“Saat itu umurku 14 tahun, pada pagi hari aku dibangunkan disuruh untuk menyapu. Saat gempa datang aku sudah lari keluar, tapi ternyata gempanya itu kayak ombak. Akhirnya aku tumbang dan ada bangunan yang menimba aku,” cerita Ndaru.
“Saat kejadian itu aku sudah tidak bisa duduk atau berdiri, rasanya kaki saya hilang, saya teriak-teriak kesakitan sekitar hampir satu menit," lanjutnya.
Beruntung, nyawa Ndaru masih tertolong. Namun kenyataan pahit harus diterimanya.
Hasil pemeriksaan dokter menyatakan tulang belakangnya patah, dan seluruh sistem sarafnya dari pinggang hingga ke bawah juga rusak menyebabkan kakinya lumpuh.
Pascakejadian tersebut, Ndaru sempat depresi selama lima tahun.
“Saya bisa dibilang depresi ada sekitar lima tahun, tapi bukan depresi yang saya ngamuk-ngamuk gitu, lebih ke tidak bisa berdamai dengan diri sendiri,” ucap Ndaru.

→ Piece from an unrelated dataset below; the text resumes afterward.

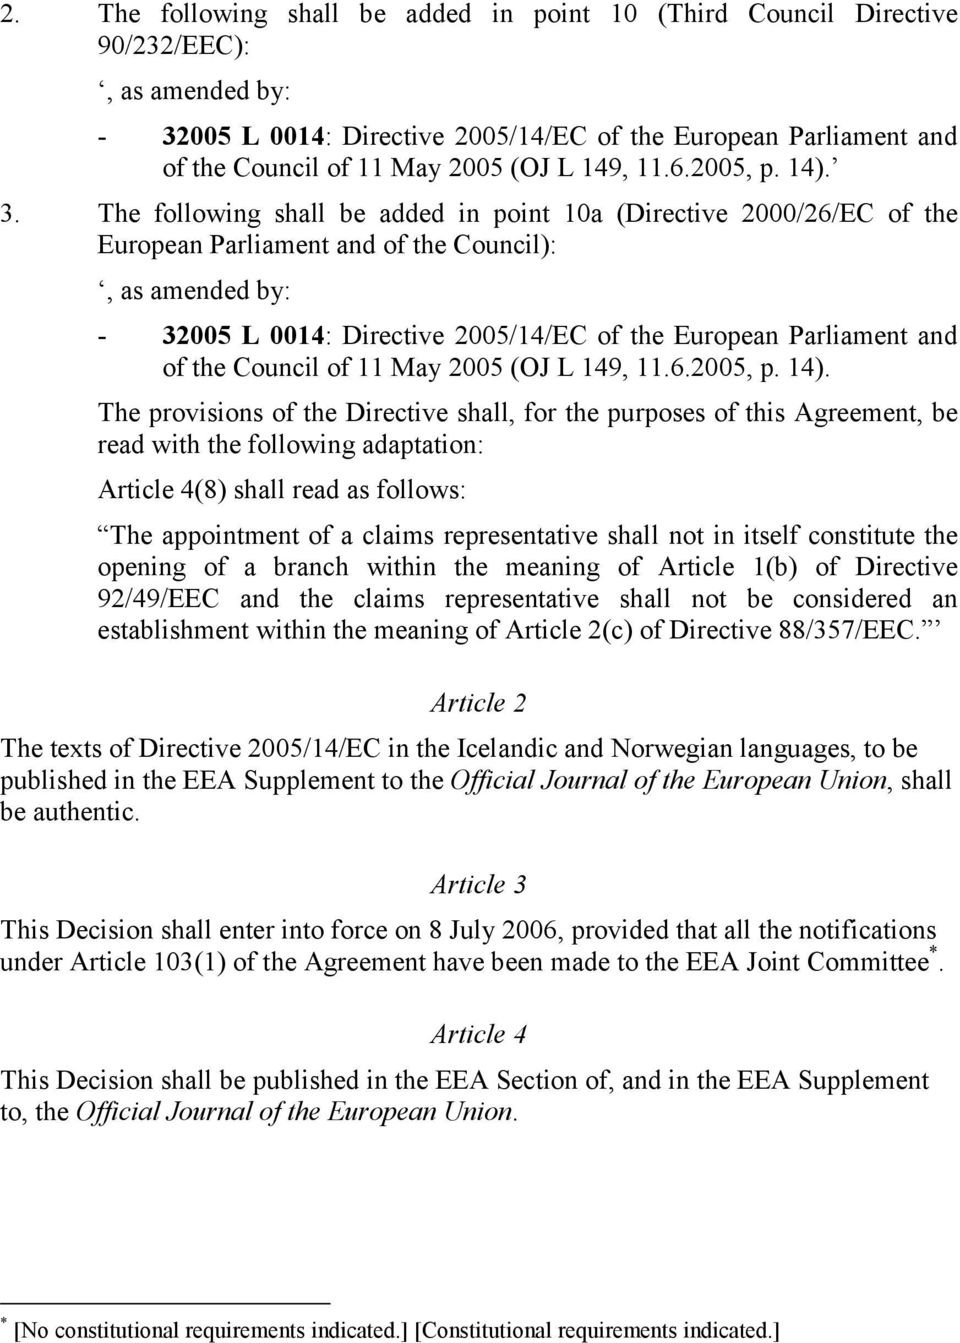 The following shall be added in point 10a (Directive 2000/26/EC of the European Parliament and of the Council):, as amended by: - 32005 L 0014: Directive 2005/14/EC of the European Parliament and of

“Di situ saya menjadi pribadi yang reaktif dan temperamental,” lanjutnya.
Momen Kebangkitan
Empat tahun setelah gempa, Ndaru mulai bangkit. Momen kebangkitan itu terjadi pada tahun 2010.
Saat itu, Ndaru dikenalkan dengan tenis komunitas kursi roda Bantul.
Berselang dua tahun kemudian, Ndaru, bisa bermain pada ajang profesional pertamanya, yaitu Peparnas Riau 2012, dengan meraih dua medali perunggu untuk nomor ganda dan beregu.